ADDAGMA: A database for domestic animal gut microbiome atlas.

Animal gut microbiomes play important roles in the health, diseases, and production of animal hosts. The volume of animal gut metagenomic data, including both 16S amplicon and metagenomic sequencing data, has been increasing exponentially in recent years, making it increasingly difficult for researchers to query, retrieve, and reanalyze experimental data and explore new hypotheses. We designed a database called the domestic animal gut microbiome atlas (ADDAGMA) to house all publicly available, high-throughput sequencing data for the gut microbiome in domestic animals. ADDAGMA enhances the availability and accessibility of the rapidly growing body of metagenomic data. We annotated microbial and metadata from four domestic animals (cattle, horse, pig, and chicken) from 356 published papers to construct a comprehensive database that is equipped with browse and search functions, enabling users to make customized, complicated, biologically relevant queries. Users can quickly and accurately obtain experimental information on sample types, conditions, and sequencing platforms, and experimental results including microbial relative abundances, microbial taxon-associated host phenotype, and P-values for gut microbes of interest. The current version of ADDAGMA includes 290,422 quantification events (changes in abundance) for 3215 microbial taxa associated with 48 phenotypes. ADDAGMA presently covers gut microbiota sequencing data from pig, cattle, horse, and chicken, but will be expanded to include other domestic animals. ADDAGMA is freely available at (http://addagma.omicsbio.info/).

Introduction

A great number and variety of microorganisms colonize the mammalian intestine. The gastrointestinal microbiome is a consortium of multiple bacteria, archaea, fungi, and protozoa [1]. Increasing evidence has recently demonstrated that the gut microbiota is crucial to many processes in vertebrate hosts, including development [2], [3], disease [[4], [6], [7], [8], [9], [5]], immunization [10], [11], [12], [13], and metabolism [14], [15], [16], [17]. For example, Fuyong Li et al. [18] found significantly different populations of Firmicutes and Chloroflexi between high- and low-RFI (residual feed intake) animals. Chong Liu et al. [19] reported that the taxonomic composition of gut bacteria changes with age and is correlated with age-related changes in methane emission. Within the context of constraining factors such as age and diet, the composition of microbial species early in life stages plays a crucial role in the dynamics of late-succession taxa [20]. A broad range of factors is responsible for differences in the intestinal microflora among hosts, including breed, diet, age, health status, environment, genetic background, and antibiotics [21], [22], [23], [24], [25], [26], [27].

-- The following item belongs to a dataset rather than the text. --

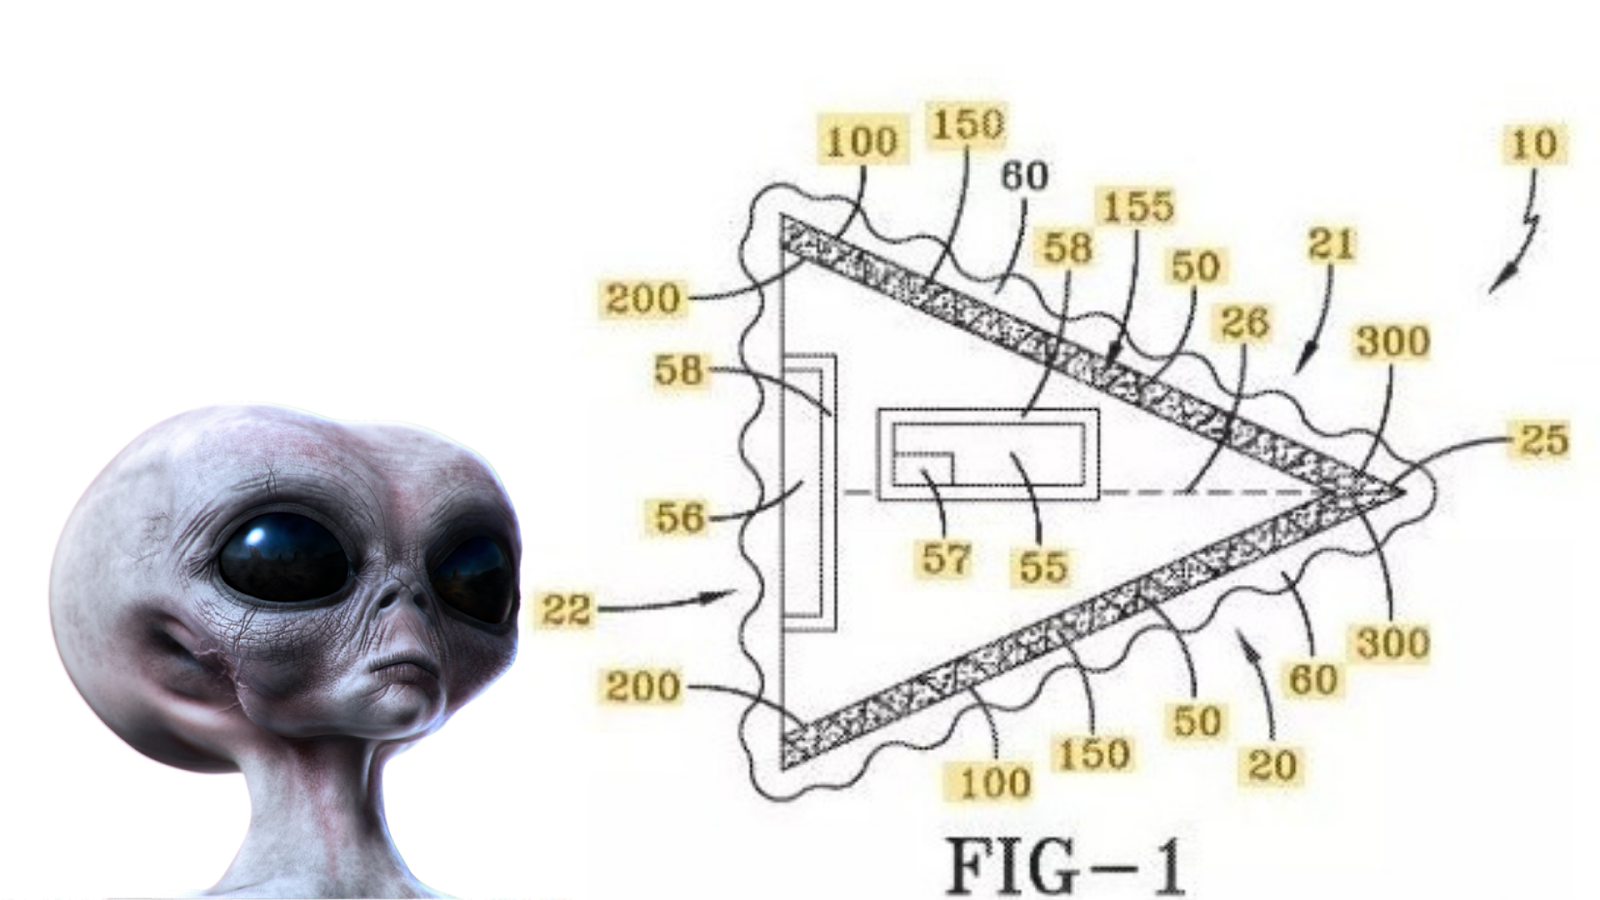 US Navy Secretly Created Triangle Aircraft Patent That Looks Like A UFO

Metagenomic sequencing technology, with its advantages of high throughput, low cost, and high speed, makes it possible to study gastrointestinal microbiomes solely by extracting DNA from a gut sample, without having to rely on the cultivation of microorganisms from the sample. The development of high-throughput sequencing and the rapid accumulation of genomic and 16S data from human and animal gut microbiota have given rise to various interrelated databases such as the European Nucleotide Archive (ENA) [28], National Center for Biotechnology Information (NCBI), Sequence Read Archive (SRA) [29], and DNA Data Bank of Japan (DDBJ) [30]. These databases store public sequencing results as well as some biological information. Other comprehensive, well-annotated repositories for human gut metagenomic data, including gut MEtaGenome Atlas (gutMEGA), gutMDisorder, GMrepo, and HumanMetagenomeDB, allow researchers to access processed data and comparative information on intestinal microbiomes between different human disease conditions. These databases are pivotal research tools for elucidating relationships between human disorders and the gut microbiota [31], [32], [33], [34].

A comprehensive database that can intuitively show the association between domestic animal traits and gut microbiota is currently lacking, and it remains difficult for scientists to query and retrieve certain types of published data. We created a novel database, the domestic animal gut microbiome atlas (ADDAGMA), which provides detailed meta-data such as sample type, sequencing platform, conditions of experimental, and analytical software. We re-analyzed the results of high-throughput sequencing of domestic animal microbiomes and provide such information as the log2-transformed ratios, P-values, and microbial taxa. In addition, we categorize data in four ways according to the focus of the original studies (health traits, production traits, life-history traits, and microbial diversity). For convenience, we term these categories as “phenotypes”, as defined for the animalQTL [35] database (https://www.animalgenome.org/cgi-bin/QTLdb/index). With ADDAGMA, users can quickly obtain data on the gut microbiota associated with particular animals or animal traits by “browse for phenotype” or “browse for taxa”, and can compare their results with those from other, published studies. ADDAGMA thus provide a useful resource for exploring relationships between the phenotypes of domestic animals and their intestinal microbial biotas.

Materials and methods

Collection of raw data

To find potentially relevant papers, we searched the PubMed and Google Scholar databases through 30 September 2020 with the keywords “[animal] AND gut AND metagenome” and “[animal] AND gut AND microbiota”, with pig, cattle, horse, and chicken replacing [animal] in respective searches. Among more than 1300 papers detected, we then checked which papers documented 16S amplicon sequencing raw data or microbial relative-abundance data, which eventually yielded 356 publications. We divided the selected documents into two categories, those with and those without original sequencing data. For those with original data, we downloaded amplicon data for the bacterial 16S rRNA gene from the European Nucleotide Archive (ENA), and by using the command-line tools SRA Explorer and SRA-Tools, from the Sequence Read Archive (SRA), facilitated with Aspera (a high-speed data transfer tool). Other papers were selected which gave effective relative abundances for the intestinal flora, and the microbial information needed for further processing was obtained from the articles or supplementary materials. In the end, we selected 132, 102, 16, and 106 metagenomic, animal-gut studies for pig, cattle, horse, and chicken, respectively (Table 1). We subsequently recovered from these studies’ important fundamental experimental information such as sequencing method, sample type, processing software, processing platform, and so forth.

Table 1

Number of events related to health traits, production traits, life history traits, and microbial diversity for four domestic animals, and the number of source papers.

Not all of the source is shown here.